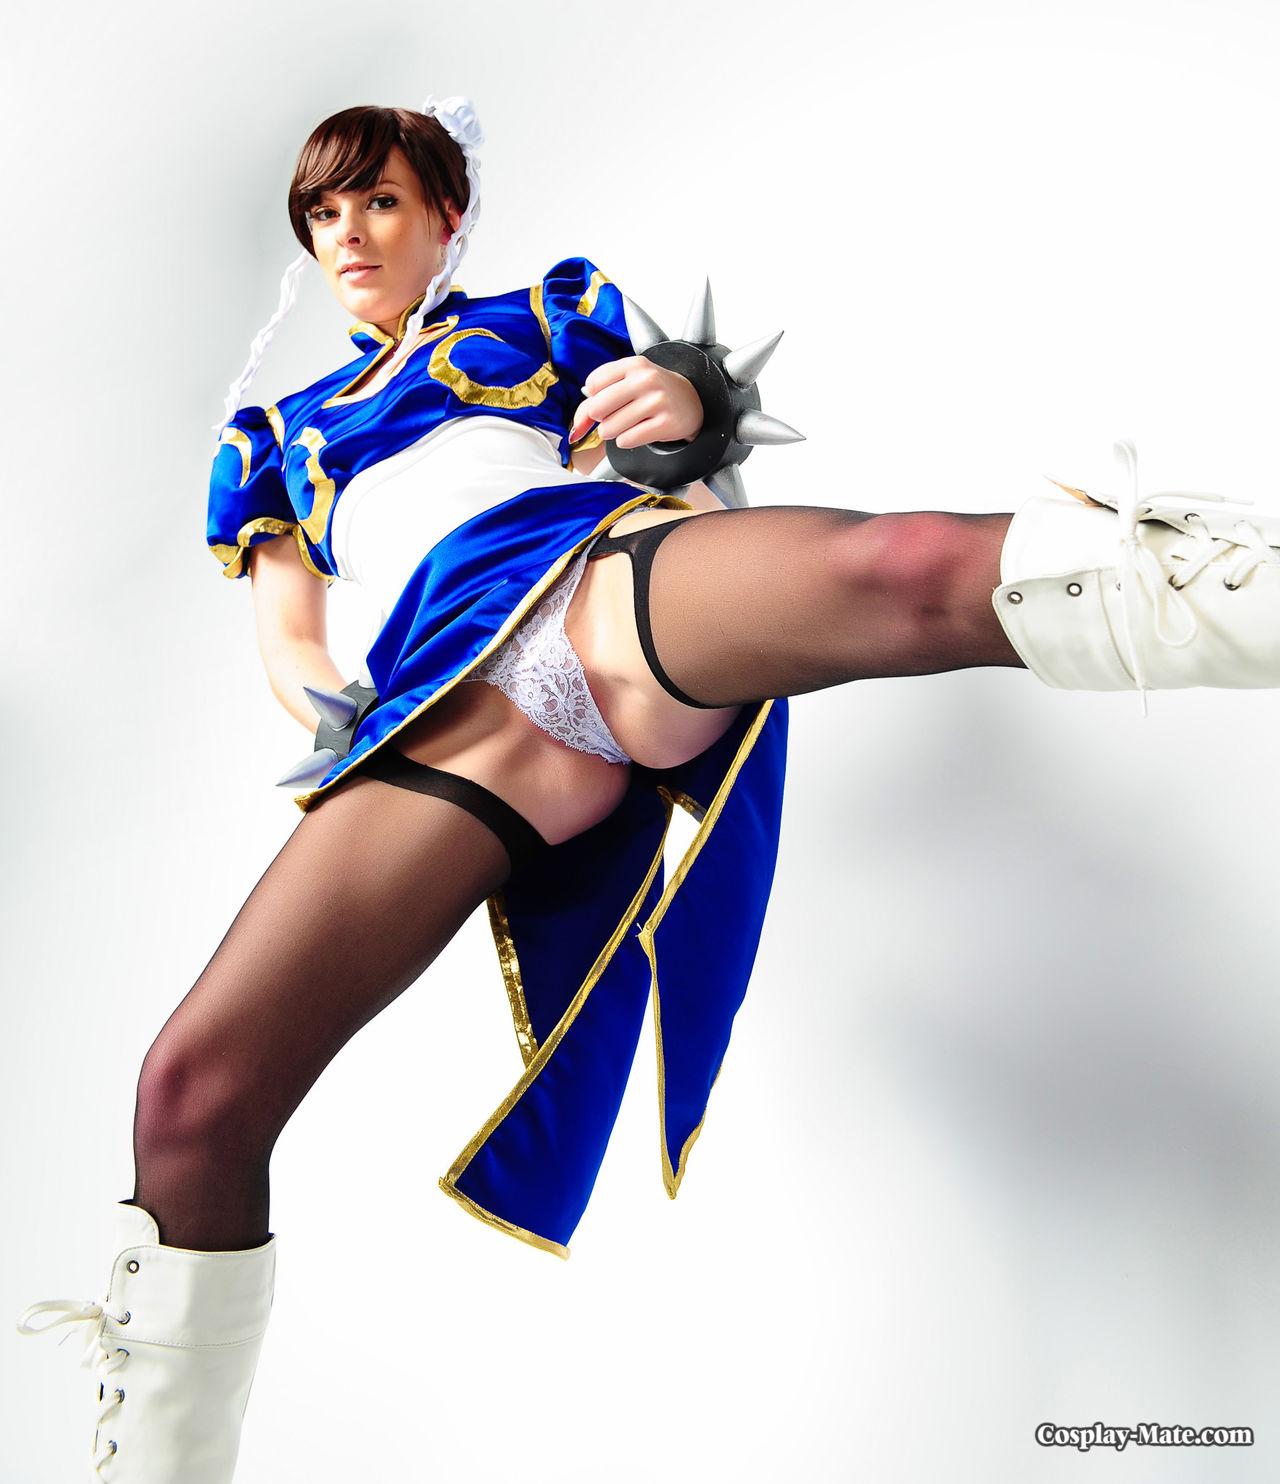 Street fighter chun li nude
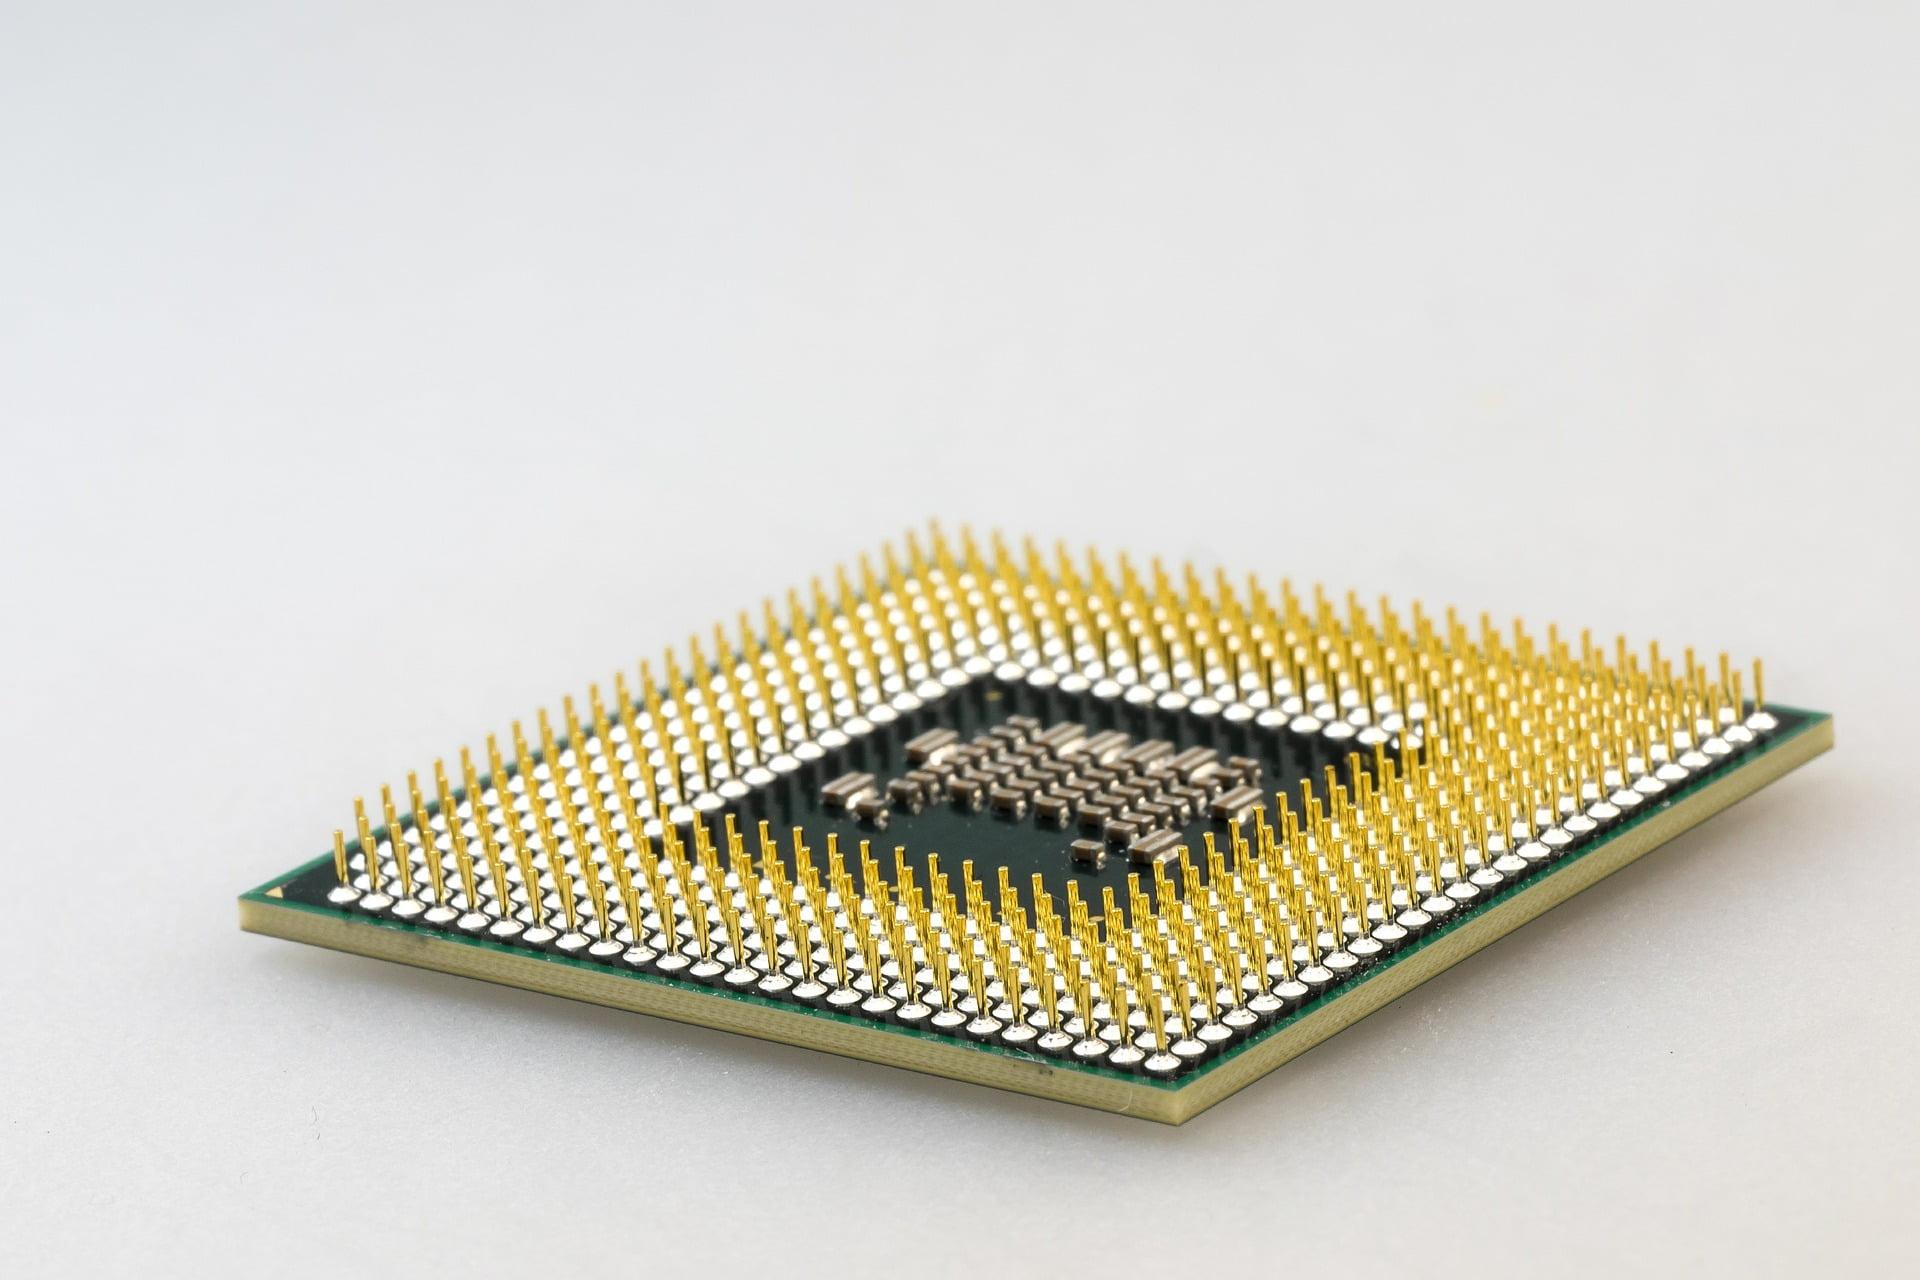 puce-informatique Qu'est-ce que le graphène et pourquoi ce matériau va révolutionner la technologie ?
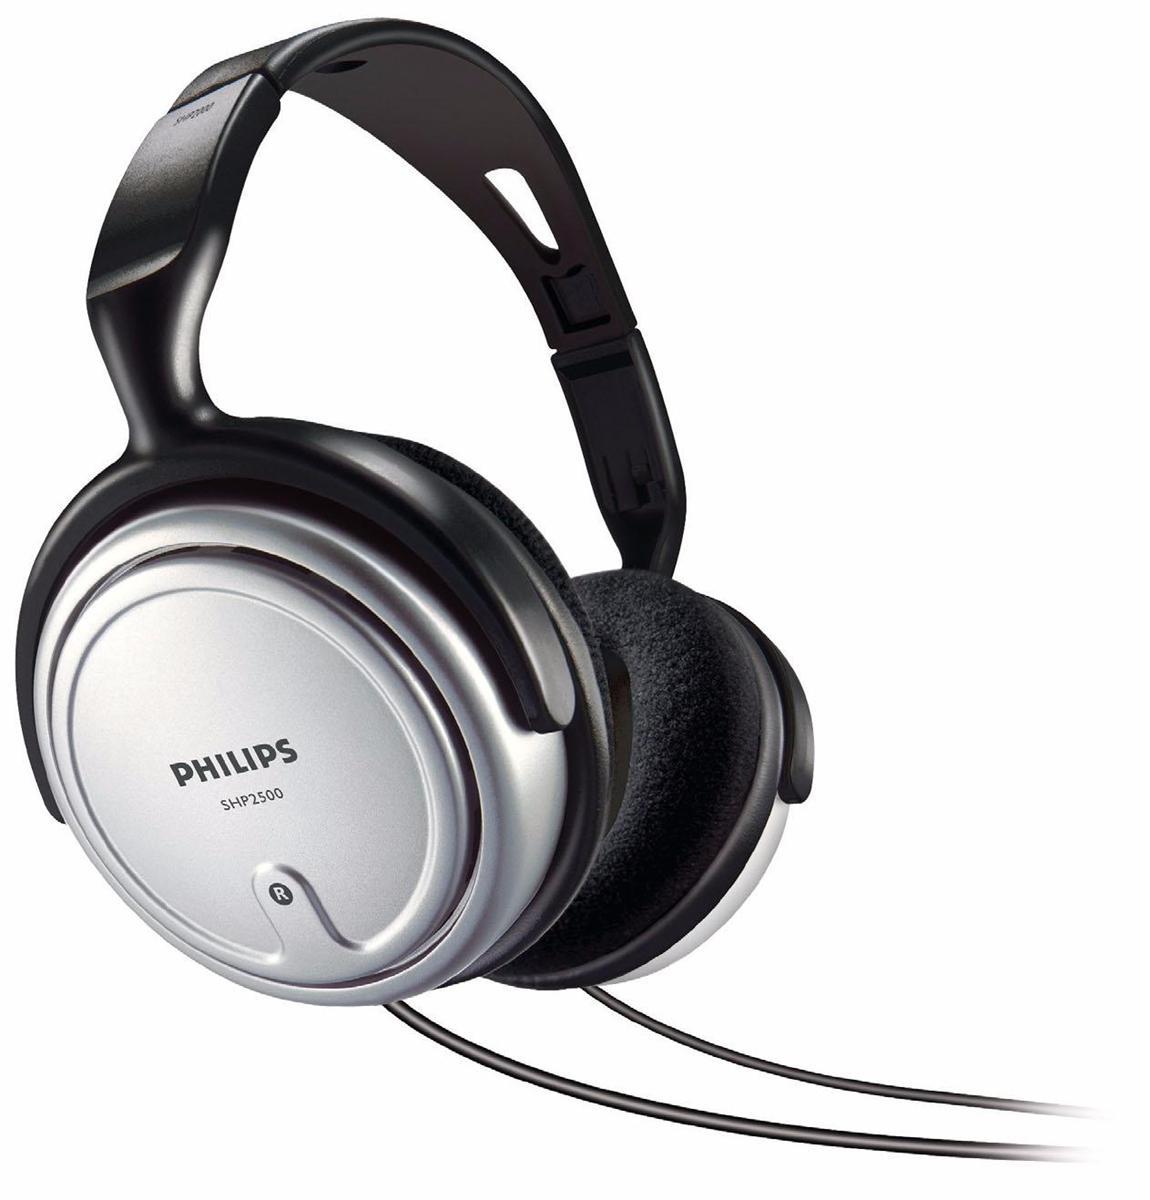 Philips SHP2500 Indoor Corded TV Headphone
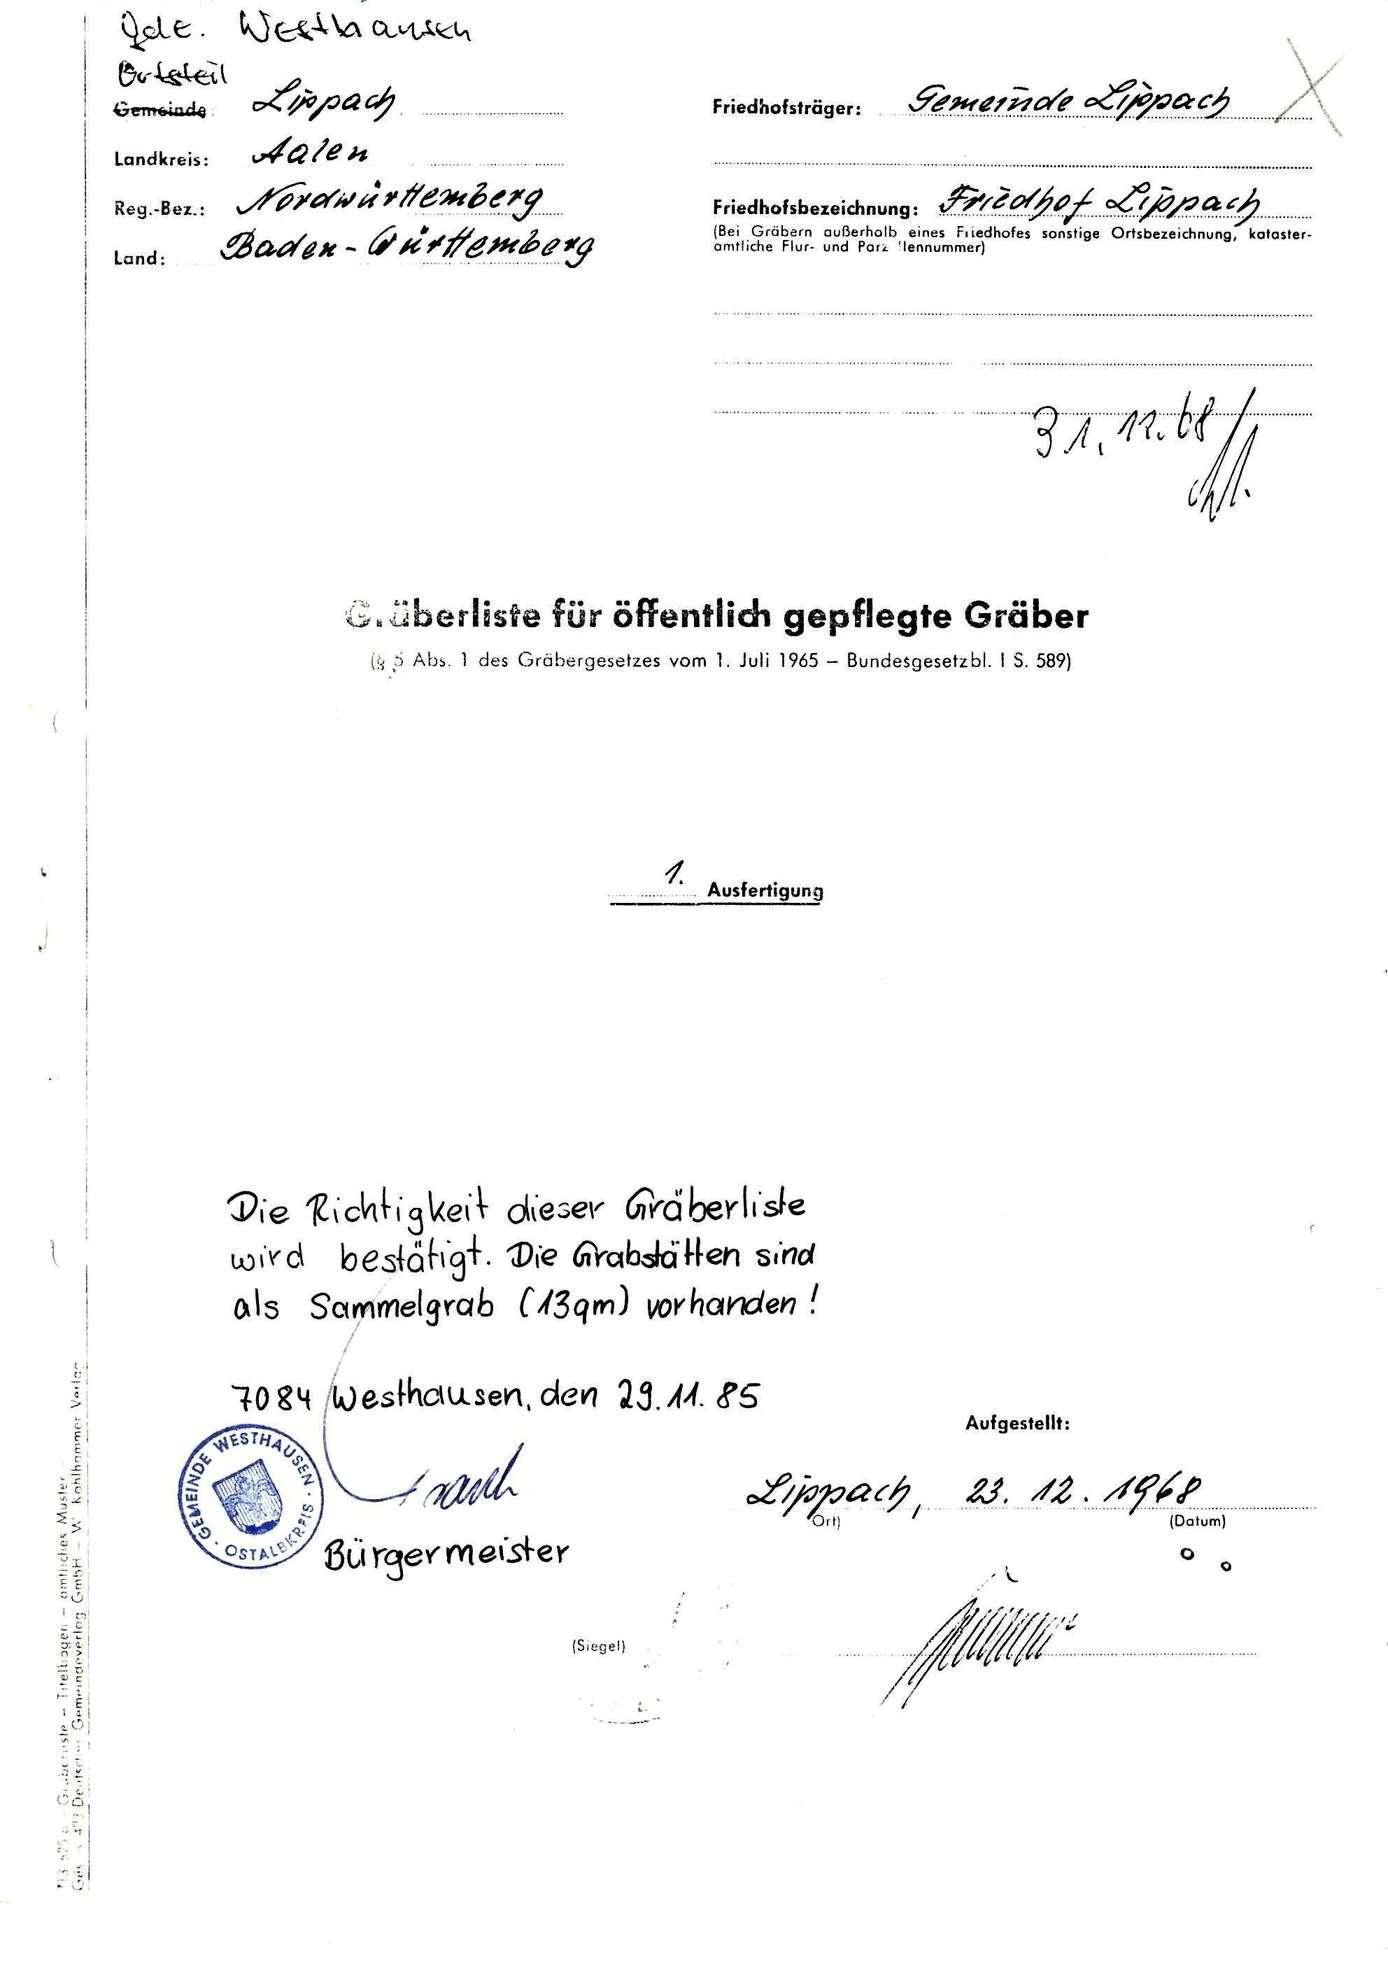 Lippach, Bild 1
|---|
* [Task objective] Go through the material above and print all of it exactly, except the pictures.

* [Reply]
 Street fighter chun li nude
 puce-informatique Qu'est-ce que le graphène et pourquoi ce matériau va révolutionner la technologie ?
 Philips SHP2500 Indoor Corded TV Headphone
 Lippach, Bild 1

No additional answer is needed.